┌──

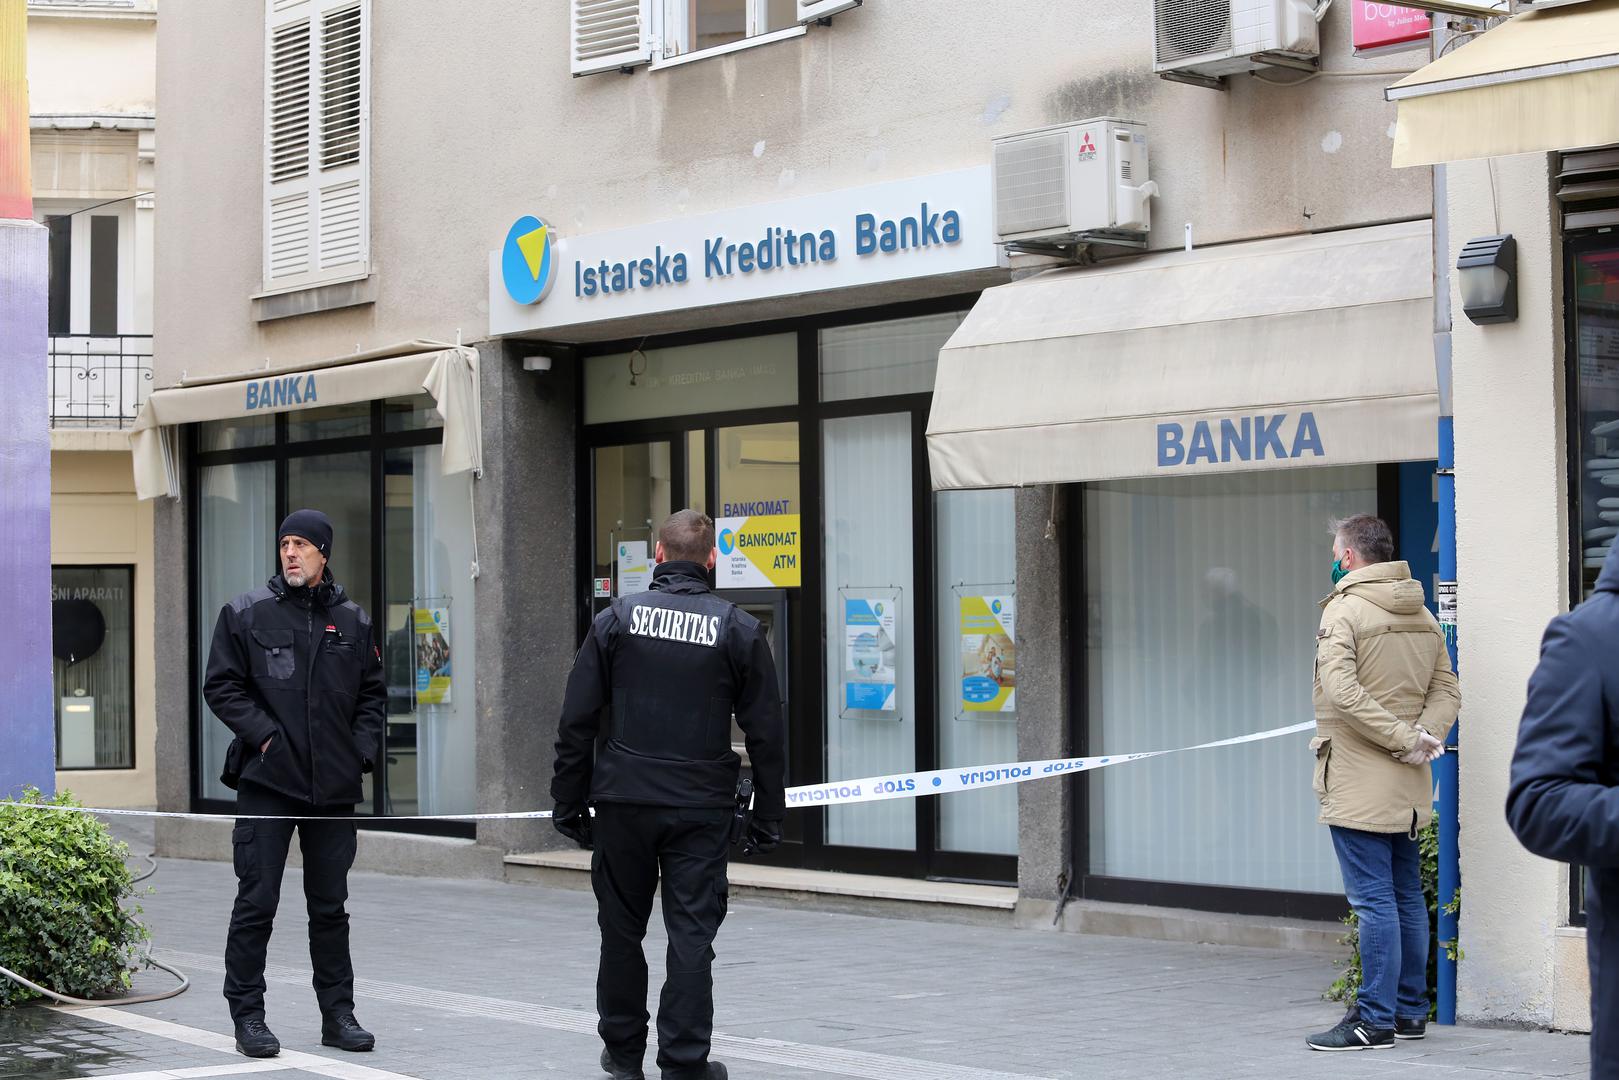 Razbojništvo u poslovnici banke u Ulici Janeza Trdine dogodilo se u 8.30 sati.

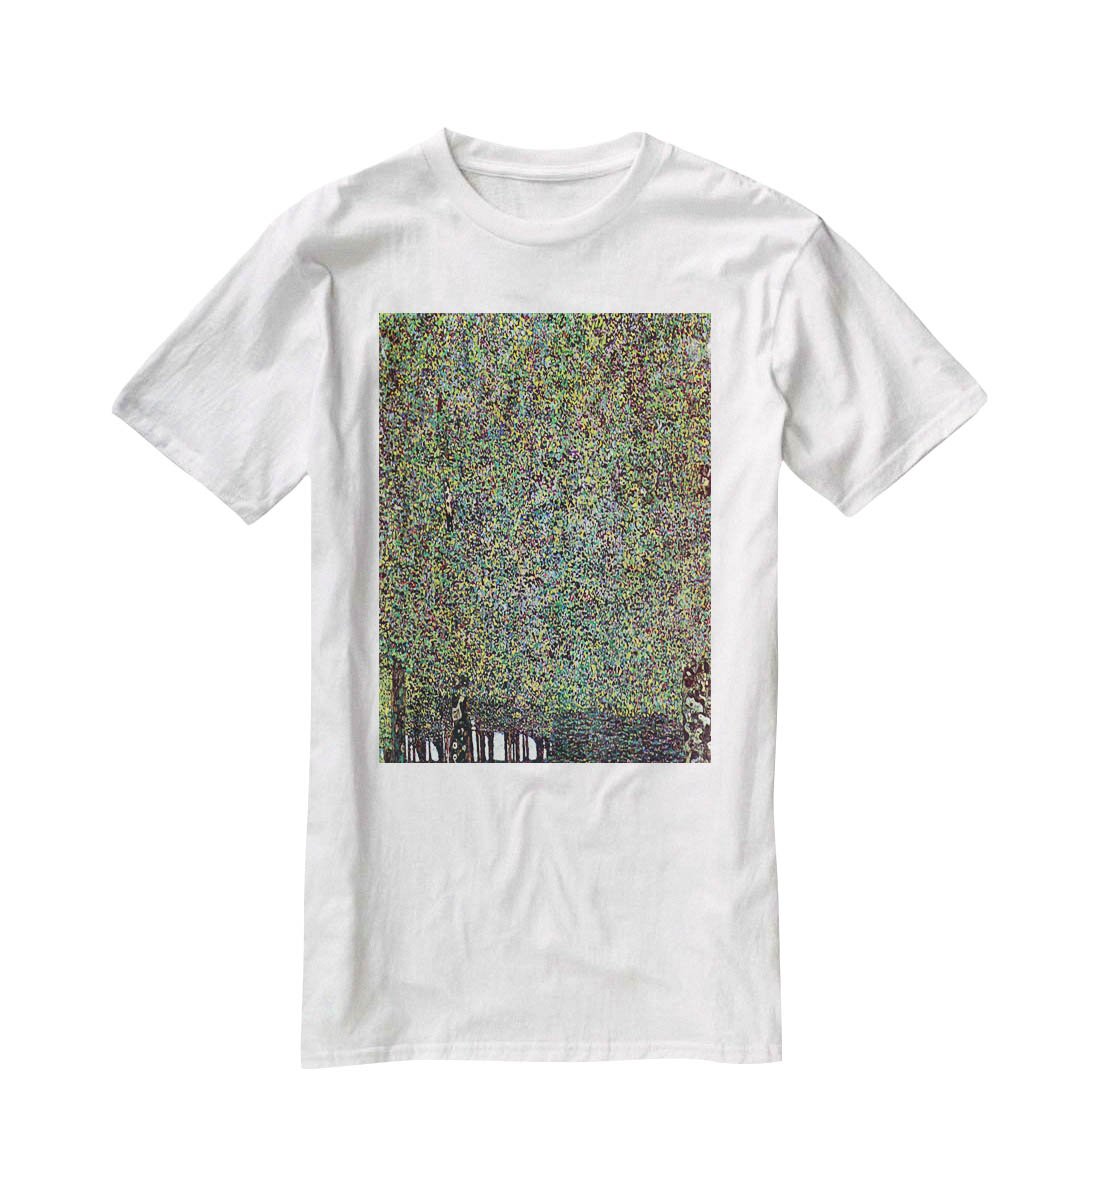 The Park by Klimt T-Shirt - Canvas Art Rocks - 5
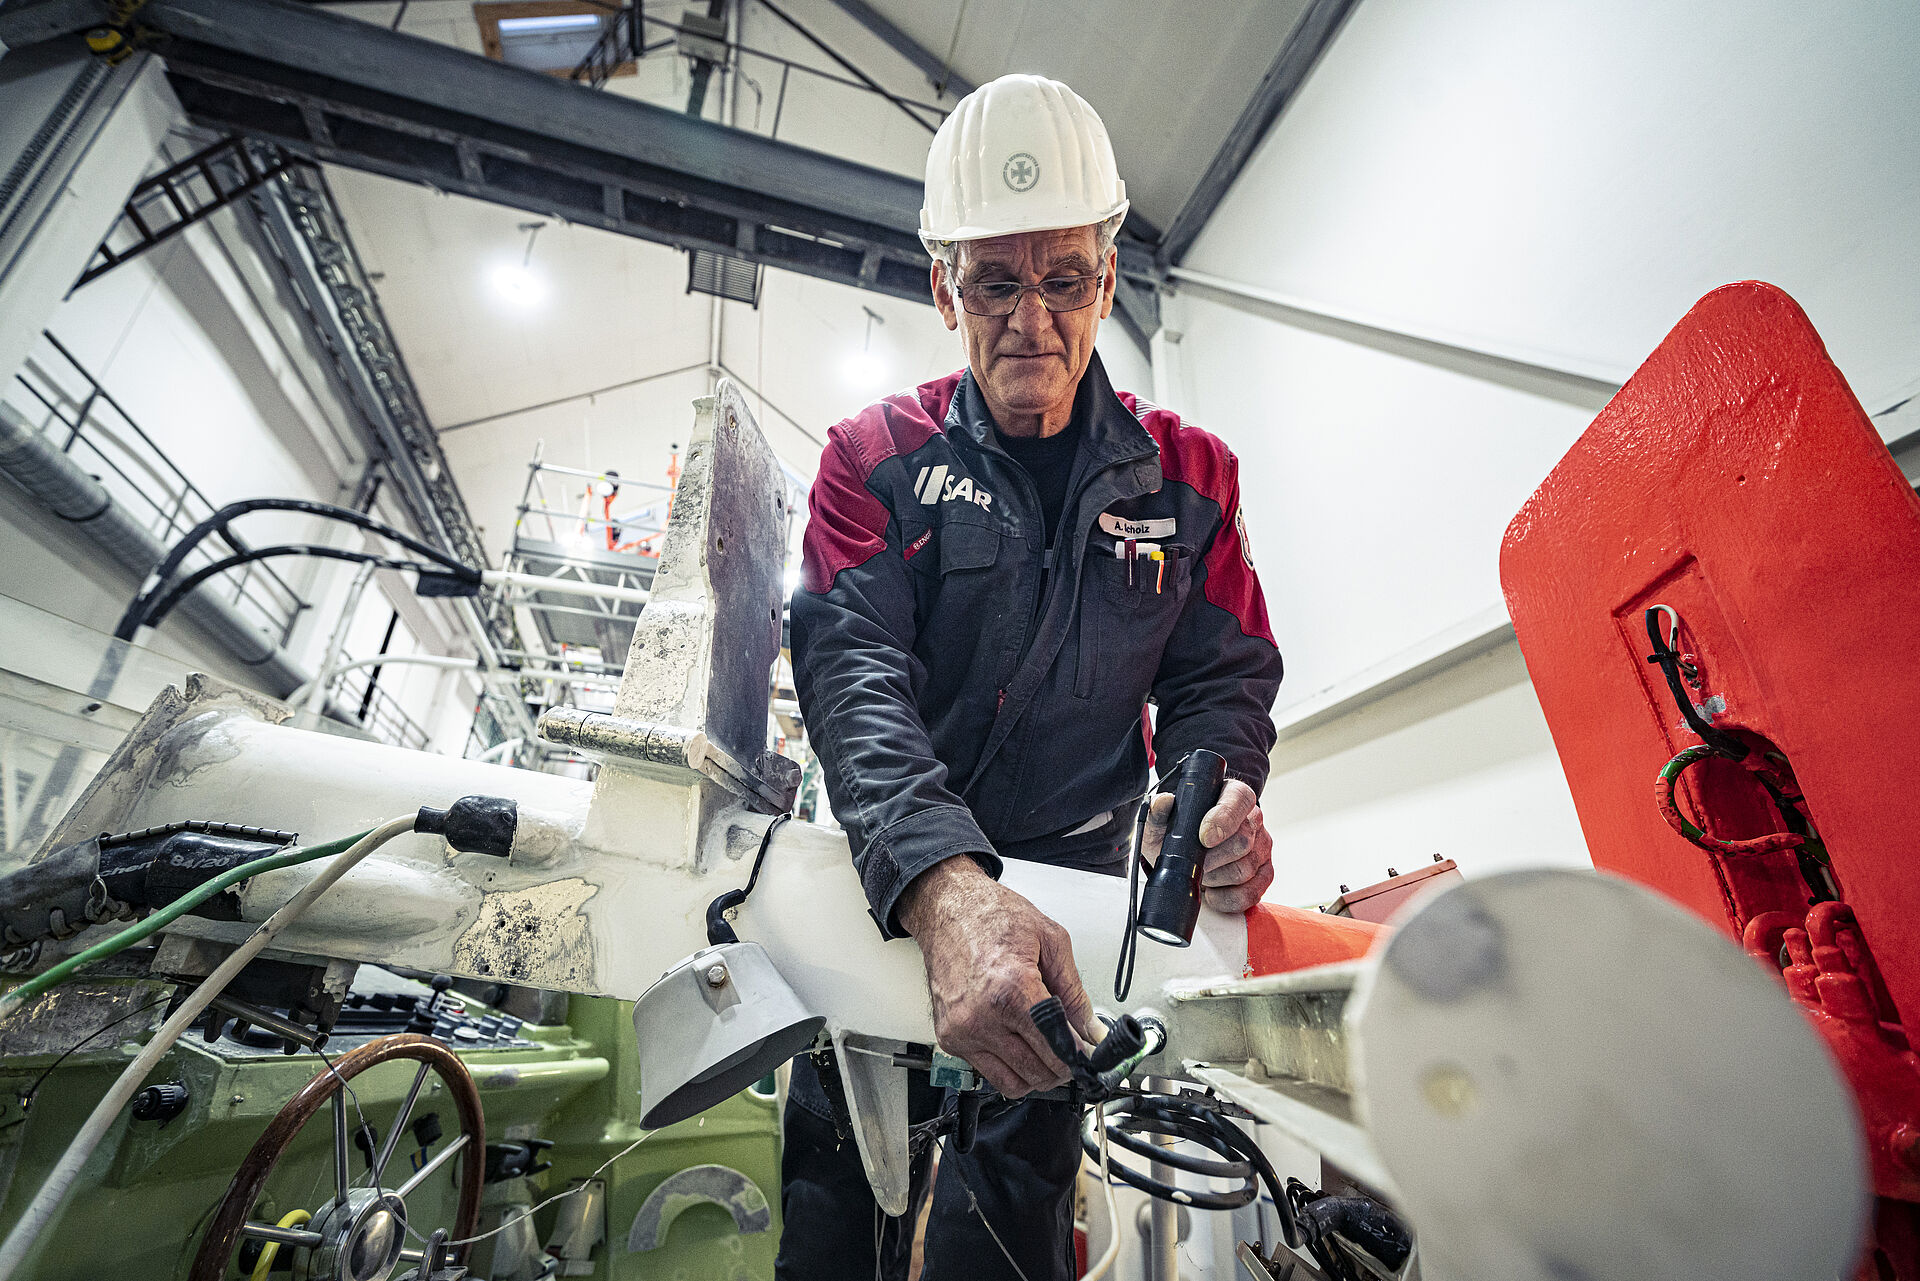 Elektriker Andreas Scholz kümmert sich am Mast der JOHANN FIDI um den richtigen Sitz der Kabel, die er später mit einem Warmschrumpfschlauch abdichtet. Bevor er im Jahr 2000 mit seinem großen Schiffbau-Know-how zu den Seenotrettern wechselte, hat er bei der Schiffs- und Bootswerft Fr. Schweers in Bardenfleth an der Unterweser gearbeitet. Egal, ob der 60-Jährige Kabel zieht, entfernt, sie vor Salzwasser schützt oder auf der Brücke die Kommunikations- und Navigationsanlagen einrichtet, stets weiß er, für wen er sein fachliches Können einsetzt: „Wir machen unsere Arbeit für die Menschen in Not und für unsere Besatzungen, sie alle sollen immer unversehrt wieder an Land zurückkehren.“ Das motiviert ihn täglich aufs Neue, treibt ihn genauso wie seine Kollegen an.

└──

=== Assignment ===
Retype, exactly as written, each line from the one containing "The Park by" through the end of the data above, and leave out every picture.

=== Written answer ===
 The Park by Klimt T-Shirt - Canvas Art Rocks - 5
 Elektriker Andreas Scholz kümmert sich am Mast der JOHANN FIDI um den richtigen Sitz der Kabel, die er später mit einem Warmschrumpfschlauch abdichtet. Bevor er im Jahr 2000 mit seinem großen Schiffbau-Know-how zu den Seenotrettern wechselte, hat er bei der Schiffs- und Bootswerft Fr. Schweers in Bardenfleth an der Unterweser gearbeitet. Egal, ob der 60-Jährige Kabel zieht, entfernt, sie vor Salzwasser schützt oder auf der Brücke die Kommunikations- und Navigationsanlagen einrichtet, stets weiß er, für wen er sein fachliches Können einsetzt: „Wir machen unsere Arbeit für die Menschen in Not und für unsere Besatzungen, sie alle sollen immer unversehrt wieder an Land zurückkehren.“ Das motiviert ihn täglich aufs Neue, treibt ihn genauso wie seine Kollegen an.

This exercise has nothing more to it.